- Gagalba
- Interactive map of Gagalba
- Coordinates: 26°50′28″S 153°03′12″E﻿ / ﻿26.8411°S 153.0533°E
- Country: Australia
- State: Queensland
- LGA: Sunshine Coast Region;
- Location: 11.7 km (7.3 mi) SW of Baringa; 17.5 km (10.9 mi) SW of Caloundra; 32.4 km (20.1 mi) SSE of Nambour; 84.7 km (52.6 mi) N of Brisbane;
- Established: 2019

Government
- • State electorate: Caloundra;
- • Federal division: Fisher;

Area
- • Total: 5.4 km^{2} (2.1 sq mi)
- Time zone: UTC+10:00 (AEST)
- Postcode: 4551
Suburbs around Gagalba
| Banya | Bells Creek | Bells Creek |
| Banya | Gagalba | Bells Creek |
| Coochin Creek | Coochin Creek | Coochin Creek |

= Gagalba, Queensland =

Gagalba is a developing locality in the Sunshine Coast Region, Queensland, Australia.
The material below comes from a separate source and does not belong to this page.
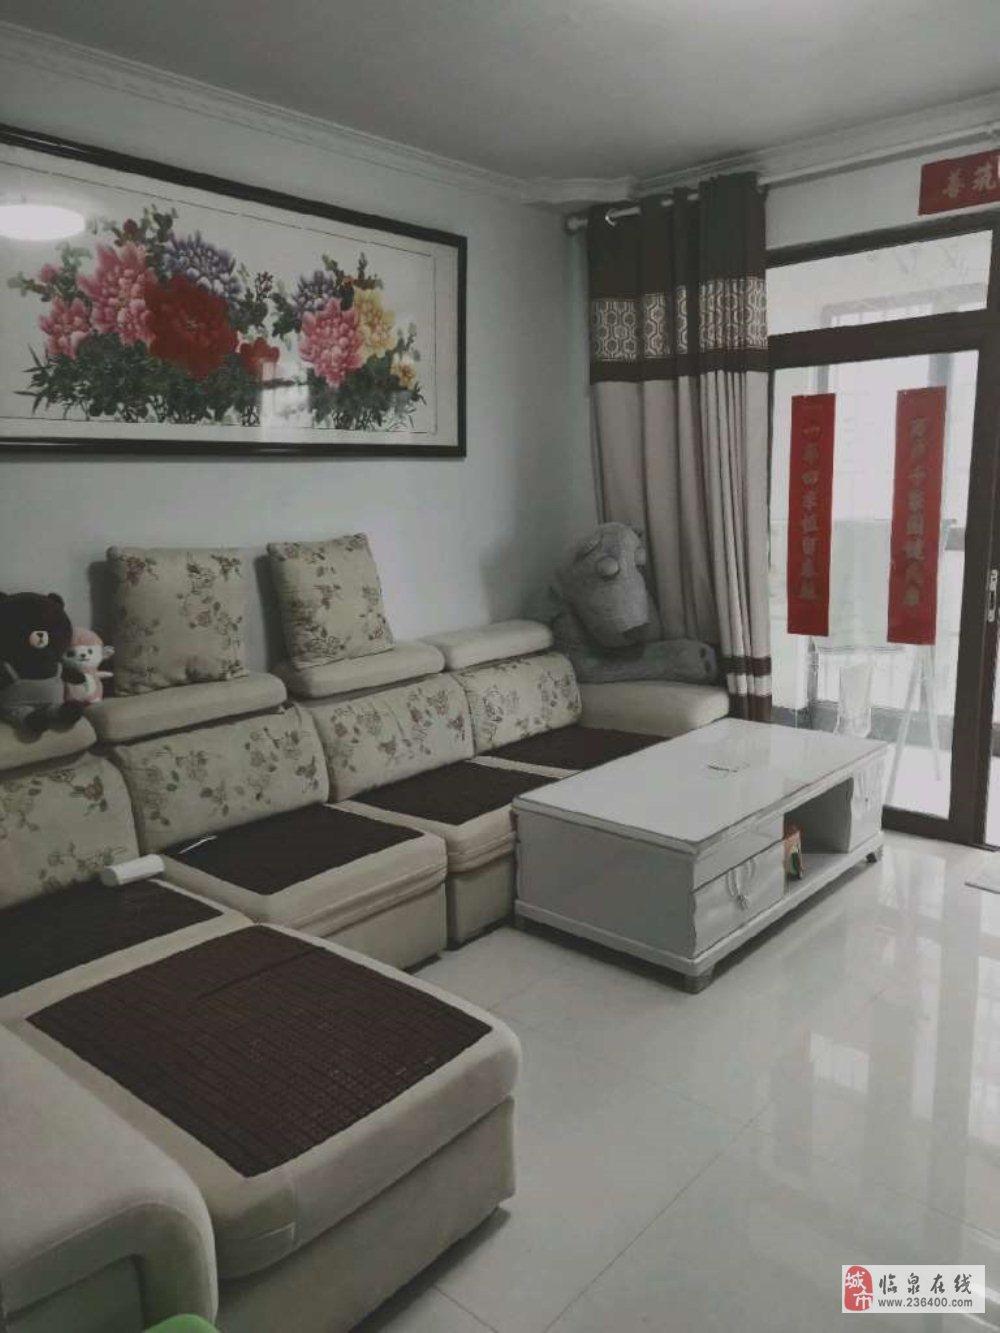 丽阳豪苑精装两房家电家具全留随时看房

When suburban development is complete, Gagalba will have approximately 6,000 homes with a secondary school and two primary schools.

== History ==
Gagalba is situated in the Gubbi Gubbi (Kabi) traditional Aboriginal country. The name Gagalba means shining place in the Gubbi Gubbi and Butchulla (Badtjala) languages.

On 14 June 2019, parts of the localities of Bells Creek and Meridan Plains were excised to create the localities of Banya, Corbould Park, Gagalba and Nirimba to accommodate future suburban growth in the Caloundra South Priority Development Area.

== Demographics ==
The population of Gagalba was not separately reported in the 2021 Australian census. It was included in the 2021 census data for its neighbouring locality Bells Creek.

== Education ==
As at 2025, there are no schools in Gagalba. The nearest government primary schools are Nirimba State Primary School in Nirimba to the north and Landsborough State School in Landsborough to the north-west. The nearest government secondary school is Baringa State Secondary College in Baringa to the north.